Reina Ito,Takashi Kuribayashi 한국실험동물학회 2019 Laboratory Animal Research Vol.35 No.2
The degree of hepatopathy affecting the synthesis of α2-macroglobulin (α2M) as an acute phase protein in rats was investigated. Hepatopathy was induced in Sprague-Dawley rats by intravenous administration of galactosamine at a dose of 30 mg/kg for 7 days. Inflammation was induced by intramuscular injection of turpentine oil at a dose of 2 mL/kg. Blood was collected before turpentine oil injection and at 24, 48, 72 and 96 h after injection. Serum concentrations of α2M were measured by enzyme-linked immunosorbent assay.
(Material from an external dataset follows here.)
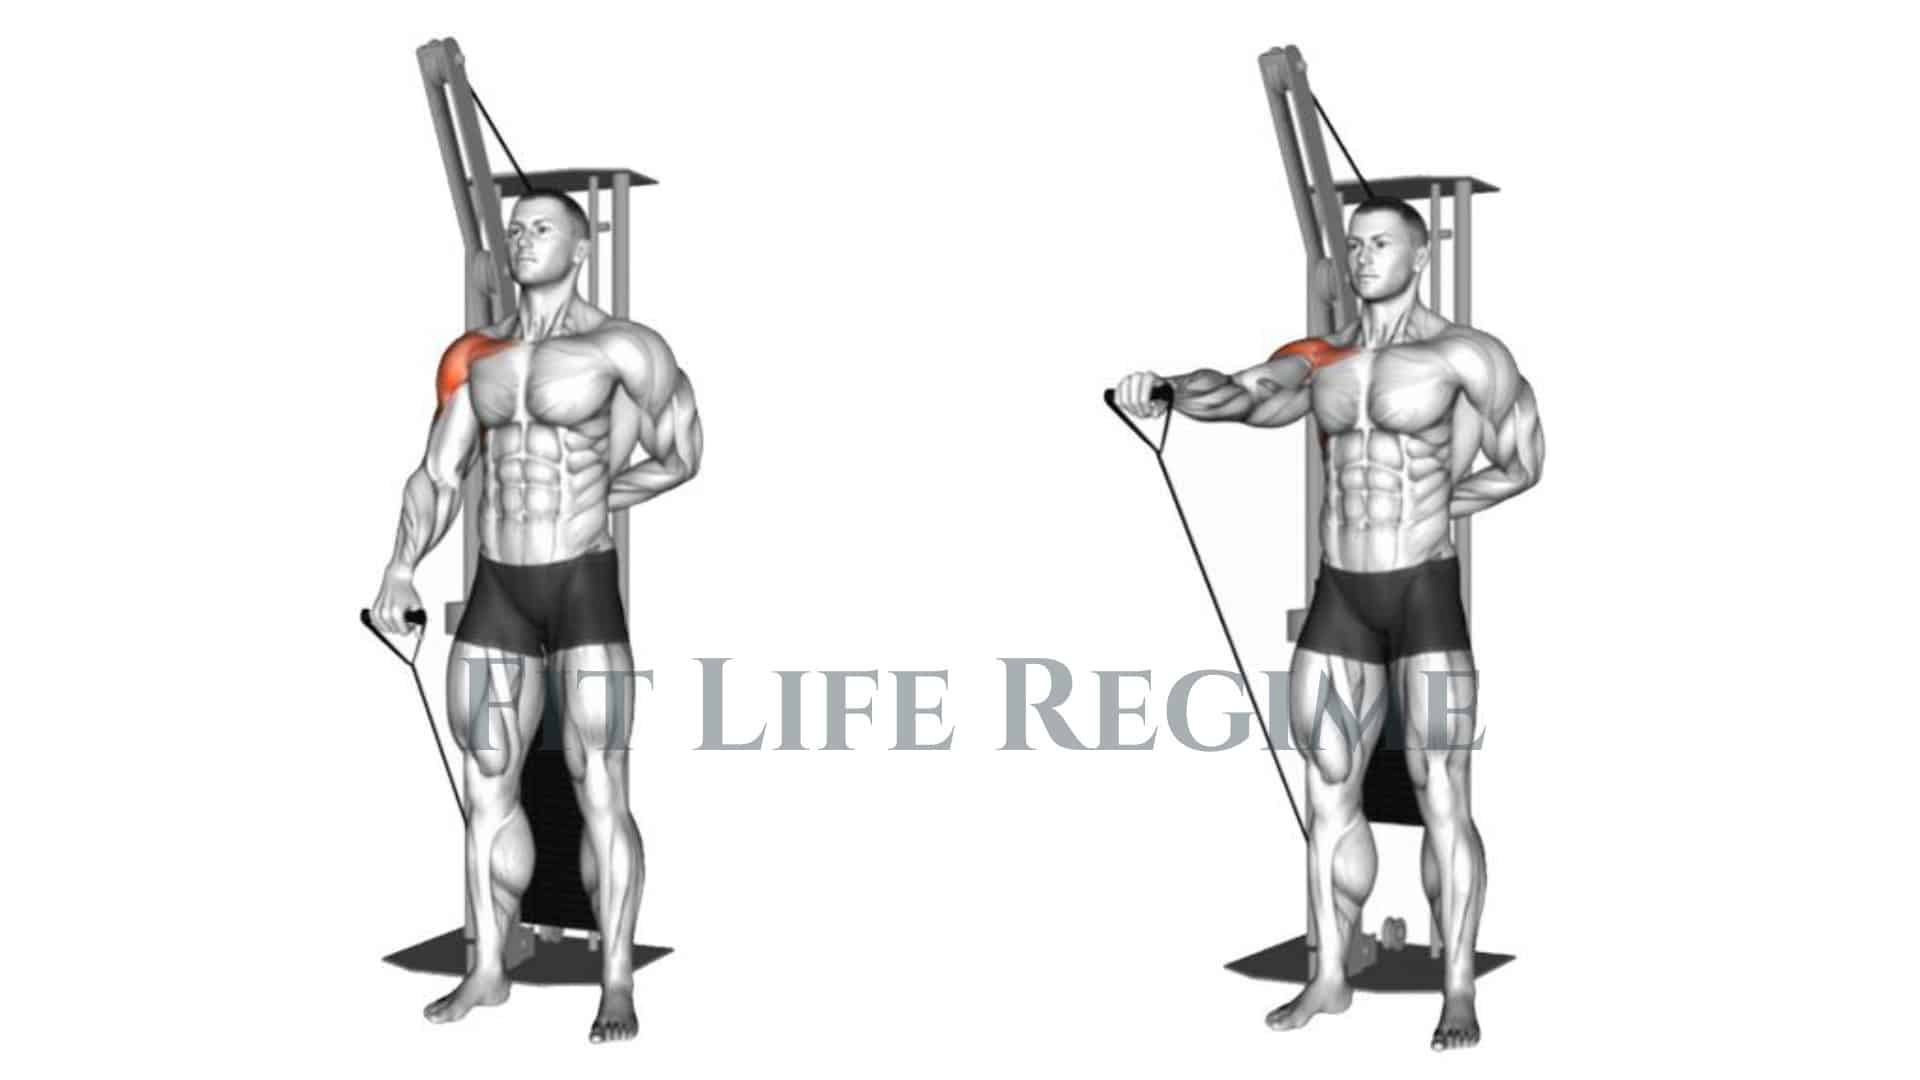 One Arm Cable Front Raise

Mean values of aspartate aminotransferase (AST) and alanine aminotransferase (ALT) in rats administered galactosamine were significantly higher than in controls. Mean values of body weight and total protein were significantly lower than in controls. Serum concentrations of α2M in the galactosamine group were significantly lower than in controls. Kinetic parameters, area under the concentration-time curve (AUC0–96) and maximum serum concentration (Cmax), were significantly lower than in controls. The cut-off value for detecting the effects on synthesis of α2M in liver was 46.9 mgˑh/mL. Seven rats (77.8%) were assessed for decreases in the synthesis of α2M due to hepatopathy. Two rats showed no influence on the synthesis of α2M, despite administration of galactosamine. AST and ALT in these two rats were ≤ 285 and ≤ 174 U/L, respectively. In conclusion, synthesis of α2M in rats is evidently suppressed in the severe stages of hepatopathy.